▸ Data excerpts:

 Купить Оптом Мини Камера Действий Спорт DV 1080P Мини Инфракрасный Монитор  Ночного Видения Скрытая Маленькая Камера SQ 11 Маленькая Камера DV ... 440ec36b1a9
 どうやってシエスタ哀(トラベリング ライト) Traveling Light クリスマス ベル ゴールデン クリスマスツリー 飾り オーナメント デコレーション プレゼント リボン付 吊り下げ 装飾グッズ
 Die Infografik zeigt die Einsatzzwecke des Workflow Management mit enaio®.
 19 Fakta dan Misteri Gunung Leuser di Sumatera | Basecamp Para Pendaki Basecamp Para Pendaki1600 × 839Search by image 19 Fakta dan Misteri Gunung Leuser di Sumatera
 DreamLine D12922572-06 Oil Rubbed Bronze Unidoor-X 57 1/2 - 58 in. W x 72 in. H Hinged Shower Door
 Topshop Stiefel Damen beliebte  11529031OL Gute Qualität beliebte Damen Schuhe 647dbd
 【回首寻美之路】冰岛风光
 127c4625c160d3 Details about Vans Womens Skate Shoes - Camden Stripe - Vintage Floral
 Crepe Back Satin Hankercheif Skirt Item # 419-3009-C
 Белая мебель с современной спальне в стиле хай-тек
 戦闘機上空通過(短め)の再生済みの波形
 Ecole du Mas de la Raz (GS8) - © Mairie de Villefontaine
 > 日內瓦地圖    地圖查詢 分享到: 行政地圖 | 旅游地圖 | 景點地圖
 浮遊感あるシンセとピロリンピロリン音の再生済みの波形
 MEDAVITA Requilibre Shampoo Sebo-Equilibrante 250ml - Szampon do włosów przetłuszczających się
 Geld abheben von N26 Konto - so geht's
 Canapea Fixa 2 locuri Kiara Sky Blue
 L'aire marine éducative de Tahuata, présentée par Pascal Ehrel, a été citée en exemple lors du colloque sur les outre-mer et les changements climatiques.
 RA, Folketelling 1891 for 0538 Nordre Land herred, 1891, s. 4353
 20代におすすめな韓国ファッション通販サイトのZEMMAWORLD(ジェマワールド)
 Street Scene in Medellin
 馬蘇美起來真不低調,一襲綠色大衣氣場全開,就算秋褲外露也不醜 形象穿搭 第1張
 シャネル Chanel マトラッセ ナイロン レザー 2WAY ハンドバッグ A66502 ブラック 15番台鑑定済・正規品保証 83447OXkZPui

▸ Exercise description: Copy out each line of the data exactly.

▸ Your solution:
 Купить Оптом Мини Камера Действий Спорт DV 1080P Мини Инфракрасный Монитор  Ночного Видения Скрытая Маленькая Камера SQ 11 Маленькая Камера DV ... 440ec36b1a9
 どうやってシエスタ哀(トラベリング ライト) Traveling Light クリスマス ベル ゴールデン クリスマスツリー 飾り オーナメント デコレーション プレゼント リボン付 吊り下げ 装飾グッズ
 Die Infografik zeigt die Einsatzzwecke des Workflow Management mit enaio®.
 19 Fakta dan Misteri Gunung Leuser di Sumatera | Basecamp Para Pendaki Basecamp Para Pendaki1600 × 839Search by image 19 Fakta dan Misteri Gunung Leuser di Sumatera
 DreamLine D12922572-06 Oil Rubbed Bronze Unidoor-X 57 1/2 - 58 in. W x 72 in. H Hinged Shower Door
 Topshop Stiefel Damen beliebte  11529031OL Gute Qualität beliebte Damen Schuhe 647dbd
 【回首寻美之路】冰岛风光
 127c4625c160d3 Details about Vans Womens Skate Shoes - Camden Stripe - Vintage Floral
 Crepe Back Satin Hankercheif Skirt Item # 419-3009-C
 Белая мебель с современной спальне в стиле хай-тек
 戦闘機上空通過(短め)の再生済みの波形
 Ecole du Mas de la Raz (GS8) - © Mairie de Villefontaine
 > 日內瓦地圖    地圖查詢 分享到: 行政地圖 | 旅游地圖 | 景點地圖
 浮遊感あるシンセとピロリンピロリン音の再生済みの波形
 MEDAVITA Requilibre Shampoo Sebo-Equilibrante 250ml - Szampon do włosów przetłuszczających się
 Geld abheben von N26 Konto - so geht's
 Canapea Fixa 2 locuri Kiara Sky Blue
 L'aire marine éducative de Tahuata, présentée par Pascal Ehrel, a été citée en exemple lors du colloque sur les outre-mer et les changements climatiques.
 RA, Folketelling 1891 for 0538 Nordre Land herred, 1891, s. 4353
 20代におすすめな韓国ファッション通販サイトのZEMMAWORLD(ジェマワールド)
 Street Scene in Medellin
 馬蘇美起來真不低調,一襲綠色大衣氣場全開,就算秋褲外露也不醜 形象穿搭 第1張
 シャネル Chanel マトラッセ ナイロン レザー 2WAY ハンドバッグ A66502 ブラック 15番台鑑定済・正規品保証 83447OXkZPui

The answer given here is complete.